Unfazed by the old trolling, he took to the stage and performed politically charged content – taking a jibe at politicians for ignoring Assamese tea workers’ issues and also criticising the Lok Sabha for passing the Citizenship Amendment Bill.
Voices against misogyny
Apart from freedom of artistic expression, critiquing misogyny was another widely presented theme at the event.
While Delhi-based poet, Sabika Abbas Naqvi performed a piece on breaking away from the shackles of Brahminical patriarchy, stand-up comic Vipasha Malhotra strummed her ukelele to a song about the objectification of women, satirically titled Feminism Should Die.
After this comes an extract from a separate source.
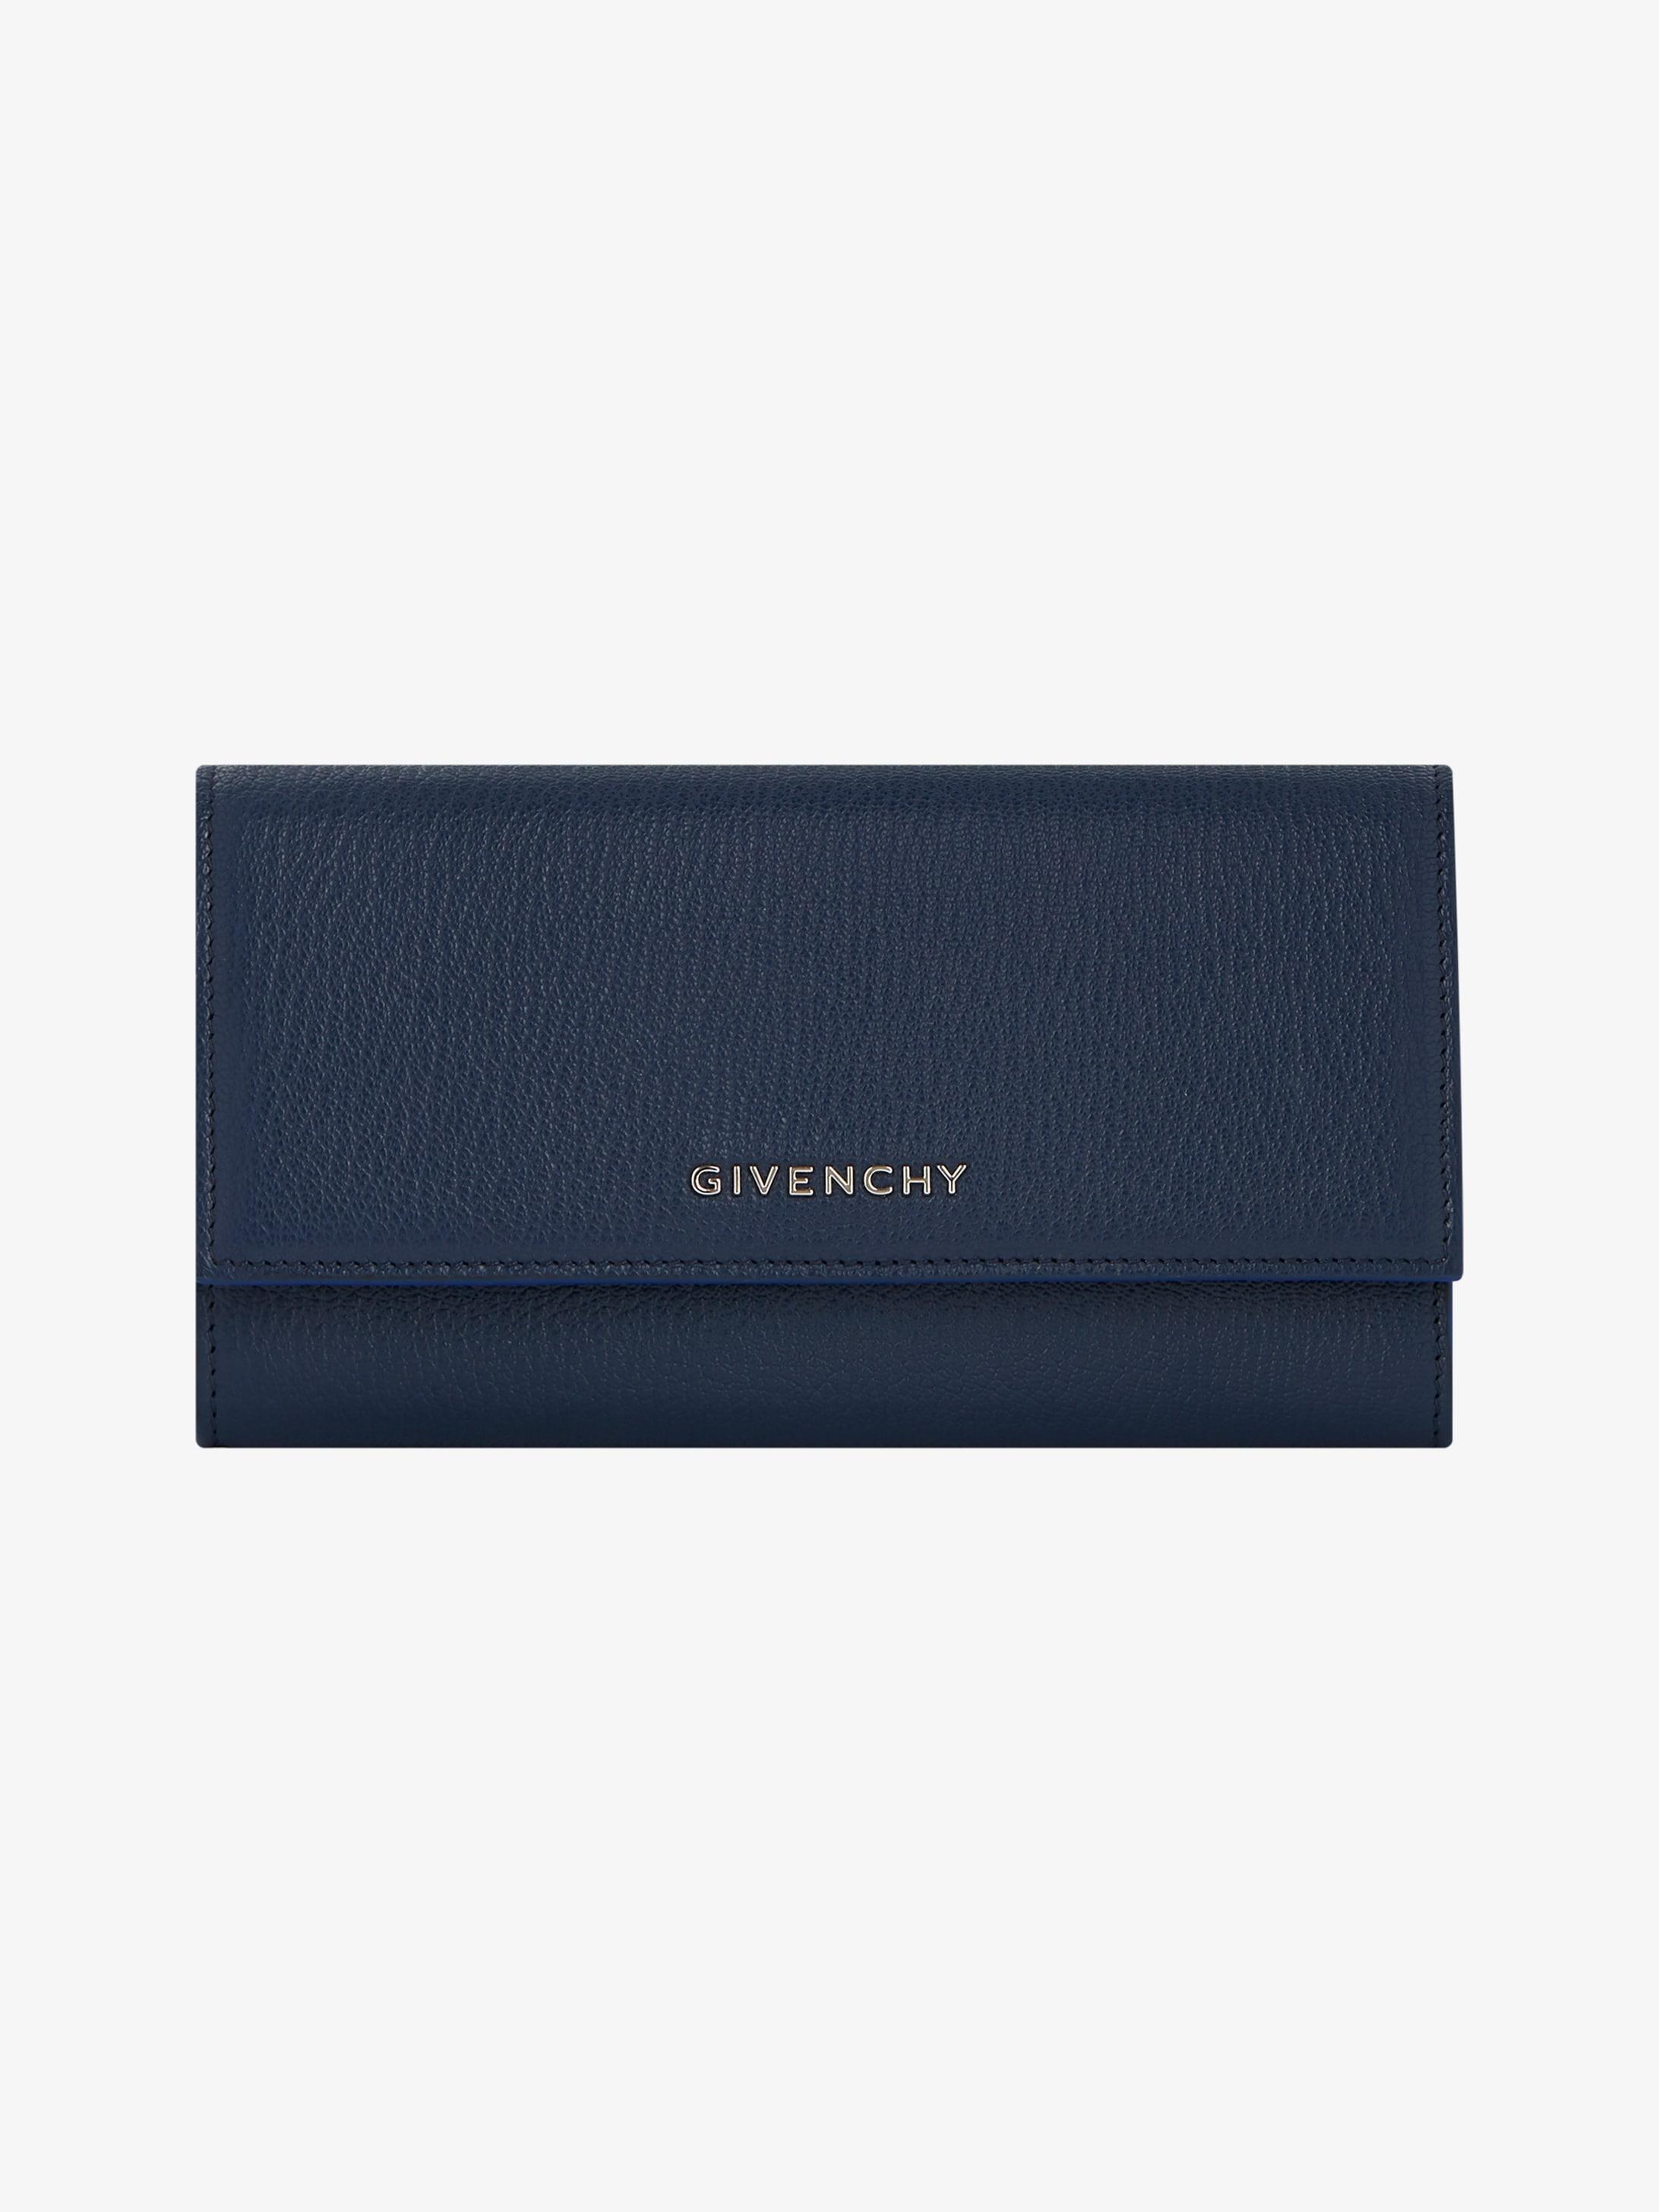 Pandora long flap wallet in leather

Later that day, a group of actors portrayed the reductive, patriarchal ways in which nationalism uses ‘Bharat Mata’ – an actor dressed as Bharat Mata walked onto the stage only to be decorated and slapped multiple times by the other male actors, as a haunting patriotic score played in the background. With tears of hurt and anger in her eyes, she descended the stage and stared into the eyes of the spectators, and after a long pause, left the place.
Songs about peace
The day ended with a series of musical performances by artists including Harshpreet, Dhruv Sangri, Rabbi Shergill and many others who not only sang self-composed songs about defeating hate with love but also re-created compositions by Urdu poets like Faiz Ahmed Faiz and Paash. The following evening’s performers included Sonal Kalra and Shubha Mudgal.
Alongside, the event also had dastangoi (traditional form of oral storytelling) performances. Early in the morning, India’s first female dastango Fouzia Dastango and Firoz Khan recited dastaan-e-Gandhi, describing the life and work of Mahatma Gandhi. While doing so, they also stressed the importance of non-violence in today’s time.
The day concluded with everyone dancing to the tunes of reggae artists Begum X and Delhi Sultanate, almost deafening the noise of all the war-mongering online.